Leave every picture out and print exactly the lines that run from the one containing "Jon Snow & Ygritte - Game of Thrones" to the end of the listing.

## DATA SEGMENT

______

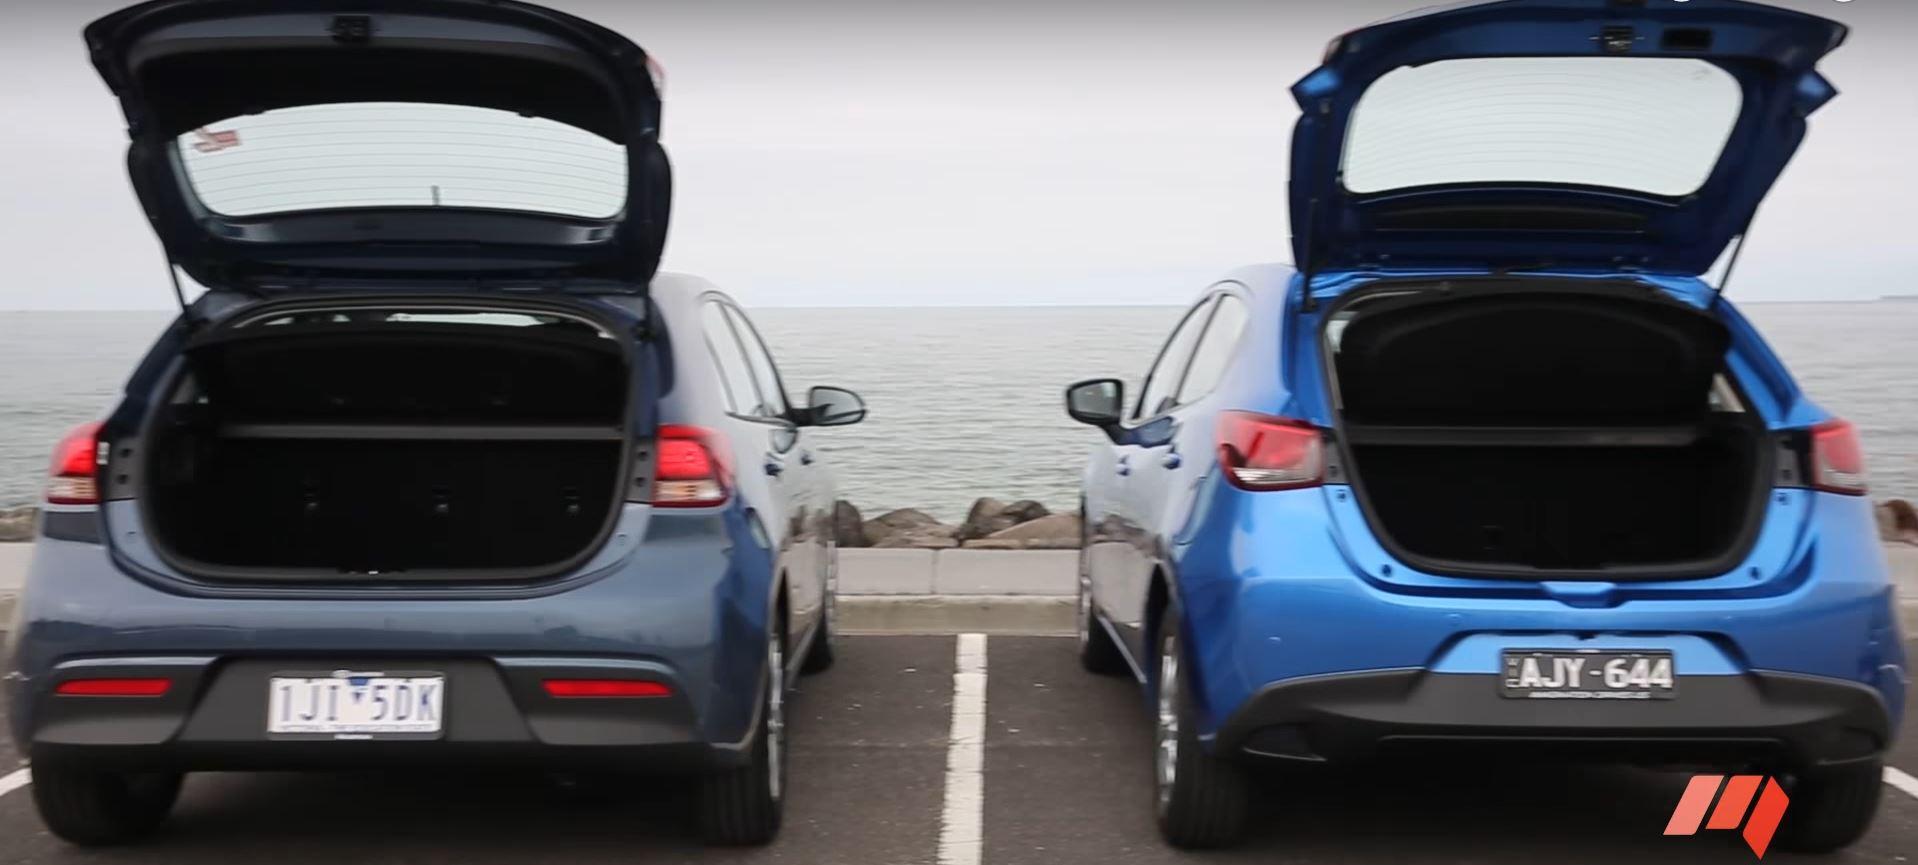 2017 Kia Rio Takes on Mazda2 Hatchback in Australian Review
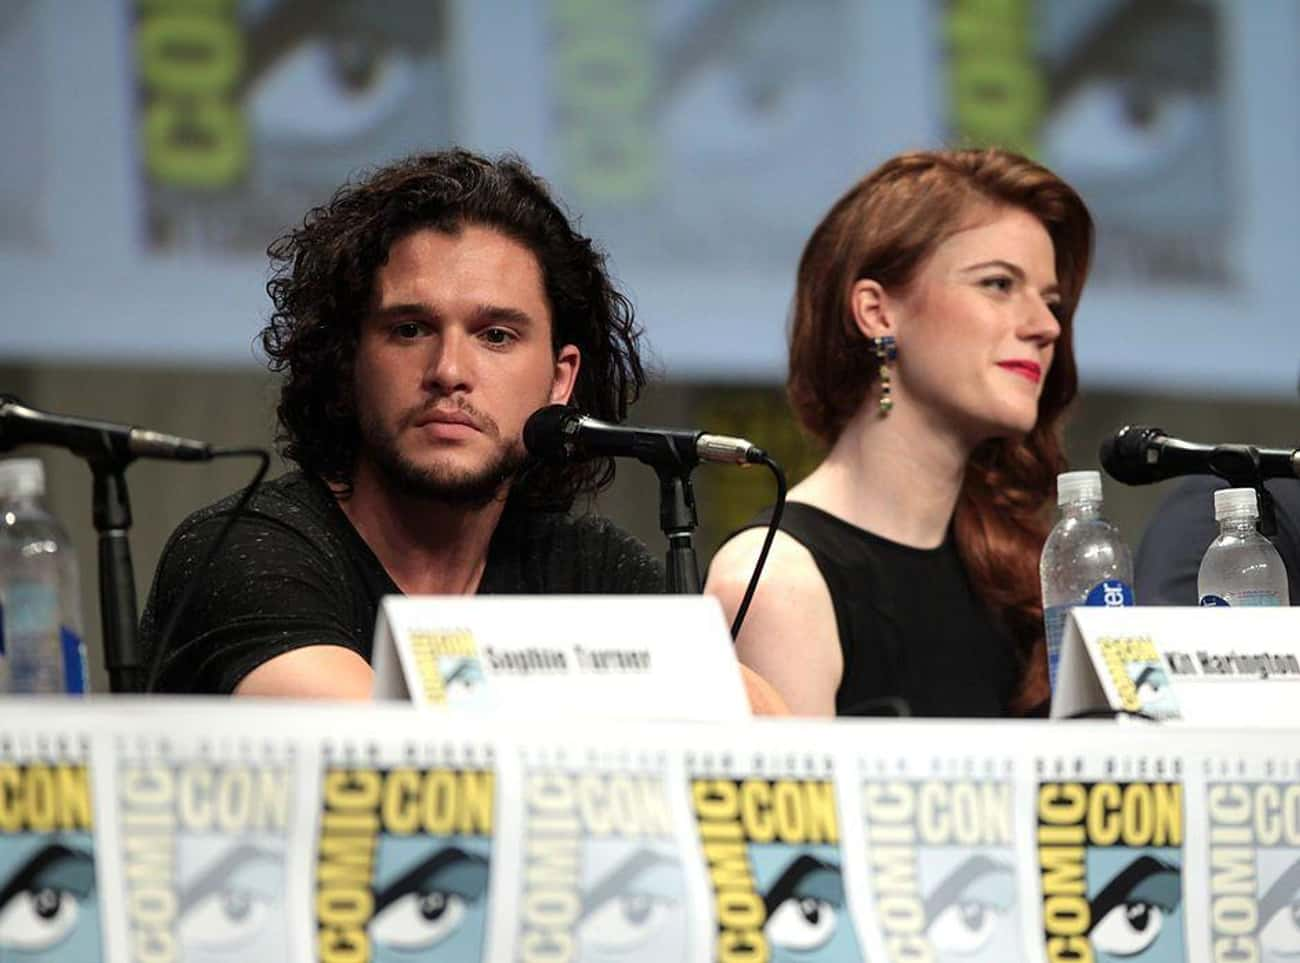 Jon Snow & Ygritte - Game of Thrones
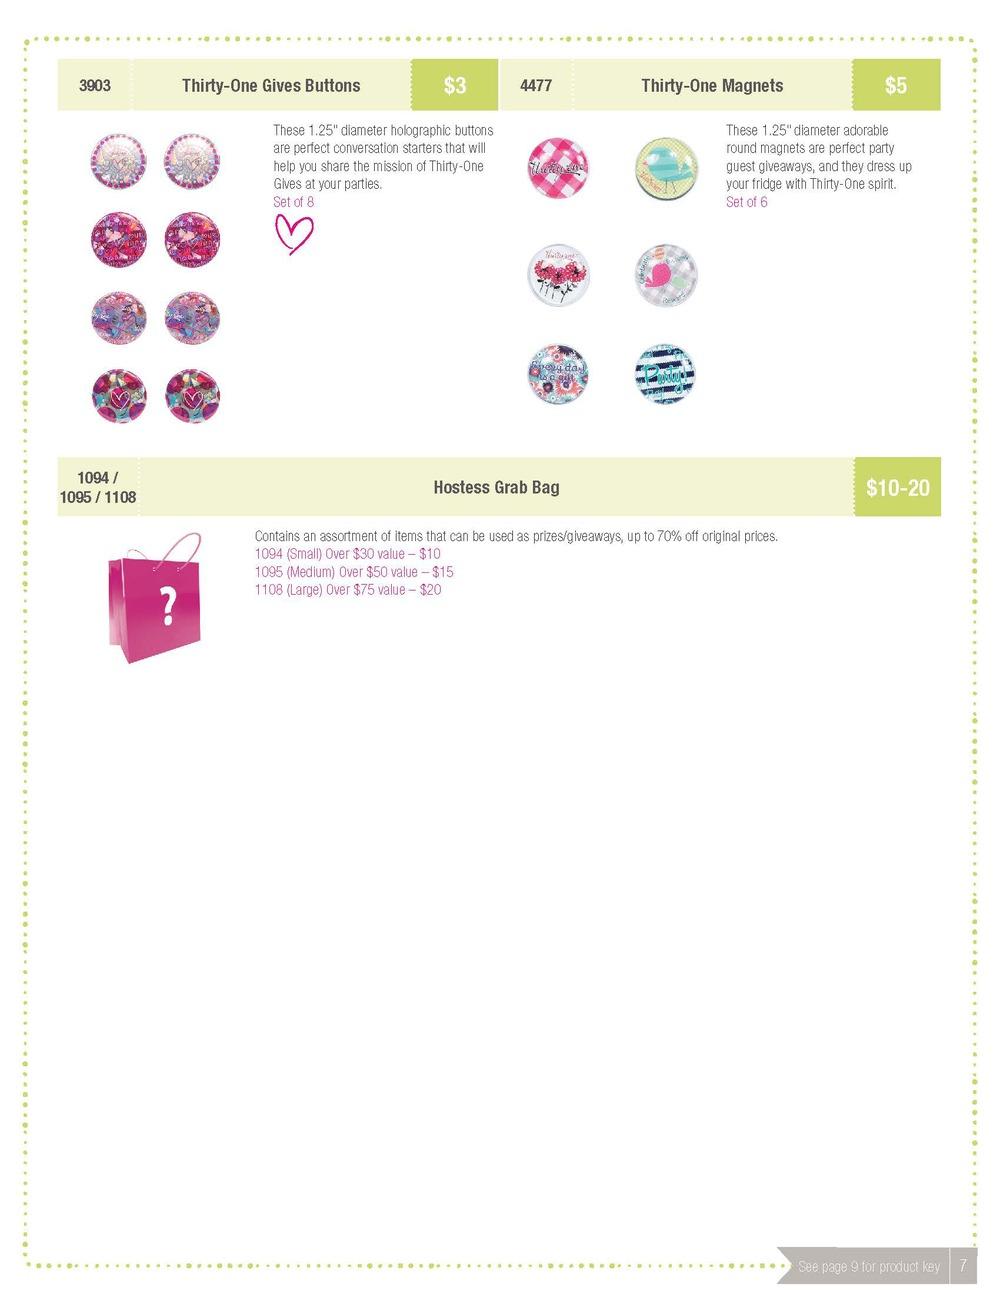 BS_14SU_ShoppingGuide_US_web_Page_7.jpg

______

## SOLUTION TO THE PROBLEM
 Jon Snow & Ygritte - Game of Thrones
 BS_14SU_ShoppingGuide_US_web_Page_7.jpg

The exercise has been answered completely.